Description of problem: service-ca pod is in 'ConfigError' state after replacing default ingress cert Version-Release number of selected component (if applicable): 4.7.0-rc2 How reproducible: Steps to Reproduce: 1. Replace default ingress cert, following the doc https://docs.openshift.com/container-platform/4.6/security/certificates/replacing-default-ingress-certificate.html 2. service-ca pod is in 'ConfigError' state after replacing default ingress cert Actual results: service-ca pod is in 'ConfigError' state Expected results: All pods should be up and running Additional info: # oc -n openshift-service-ca get po NAME READY STATUS RESTARTS AGE service-ca-76bbb97c47-lwfws 0/1 CreateContainerConfigError 0 4d15h # oc -n openshift-service-ca get po service-ca-76bbb97c47-lwfws -oyaml ... status: conditions: - lastProbeTime: null lastTransitionTime: "2021-02-12T23:30:48Z" status: "True" type: Initialized - lastProbeTime: null lastTransitionTime: "2021-02-12T23:30:48Z" message: 'containers with unready status: [service-ca-controller]' reason: ContainersNotReady status: "False" type: Ready - lastProbeTime: null lastTransitionTime: "2021-02-12T23:30:48Z" message: 'containers with unready status: [service-ca-controller]' reason: ContainersNotReady status: "False" type: ContainersReady - lastProbeTime: null lastTransitionTime: "2021-02-12T23:30:48Z" status: "True" type: PodScheduled containerStatuses: - image: quay.io/openshift-release-dev/ocp-v4.0-art-dev@sha256:2a79b840f91d8074737e012c8650313534ea01c880d6d544633d0c34febcca2c imageID: "" lastState: {} name: service-ca-controller ready: false restartCount: 0 started: false state: waiting: message: 'container has runAsNonRoot and image will run as root (pod: "service-ca-76bbb97c47-lwfws_openshift-service-ca(02846586-8661-4a53-9507-3906acf11179)", container: service-ca-controller)' reason: CreateContainerConfigError hostIP: 10.0.0.6 phase: Pending podIP: 10.130.0.15 podIPs: - ip: 10.130.0.15 qosClass: Burstable startTime: "2021-02-12T23:30:48Z" must-gather log location- https://drive.google.com/drive/folders/1DkkzfWwzc51Su09M2r1a3ABfRnCg7vlg?usp=sharing
Visible from the logs: the service-ca pod is running with anyuid SCC. But it shouldn't have access to it. Can you provide kube-apiserver audit logs?

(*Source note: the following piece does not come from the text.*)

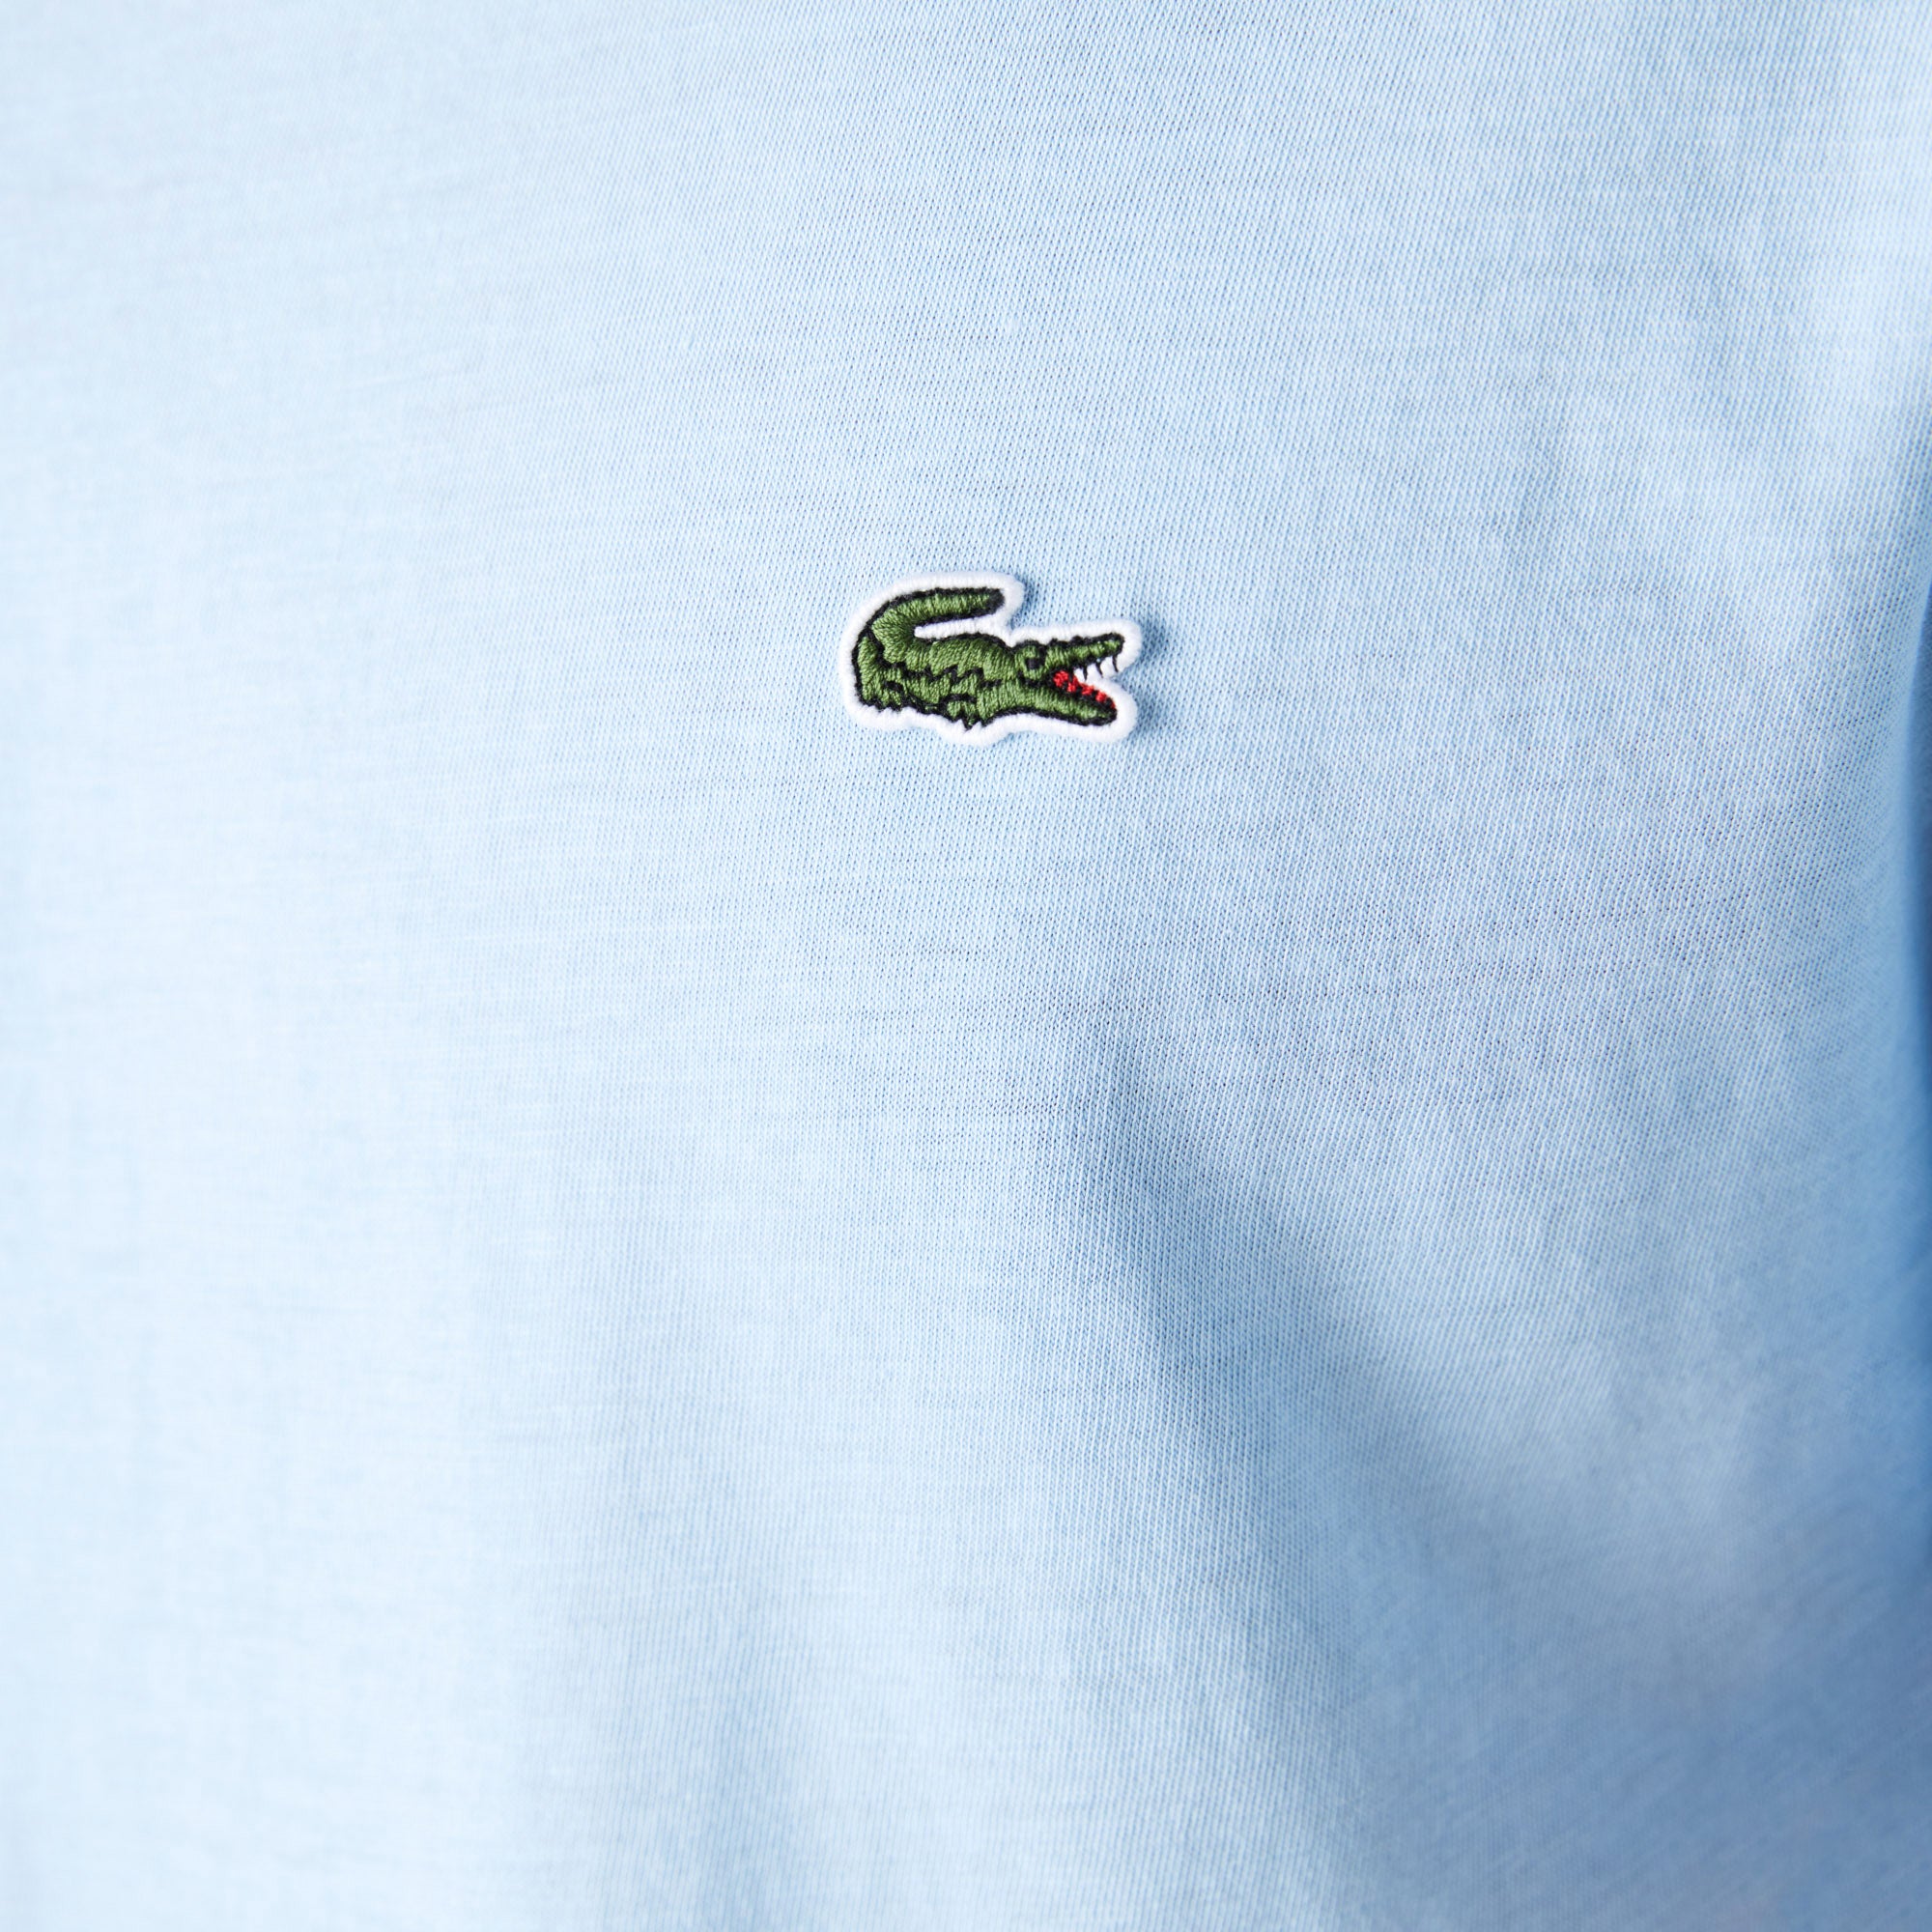 Lacoste Pima Cotton T-Shirt TH6709 - Overview Blue

Did you make any changes to RBAC? If not, can you please also get us all the clusterrolebindings containing the "service-ca" service account in subjects, plus the content of all the bound clusterroles from these clusterrolebindings?
Provided access to the cluster to Standa. No changes made to RBAC. The problem occurred after changing the ingress default cert which is causing RHACM install failed down the road. audit log location - https://drive.google.com/file/d/1vyEOVg7JfJB9zCv-n04fZYdsOb8B7edE/view?usp=sharing
Created attachment 1758790 [details] clusterrolebindings
Created attachment 1758791 [details] clusterroles
Created attachment 1758792 [details] clusterrolebindings
I've uploaded the clusterroles and clusterrolebindings from the cluster. In the cluster, I created an IdP to test which capabilities a normal user has. It is possible for any user to create a privileged pod, and apparently, the anyuid is also accessible since it's being picked by pods that should otherwise grab the restricted SCC. The `oc auth can-i use scc/anyuid` returns "no", though.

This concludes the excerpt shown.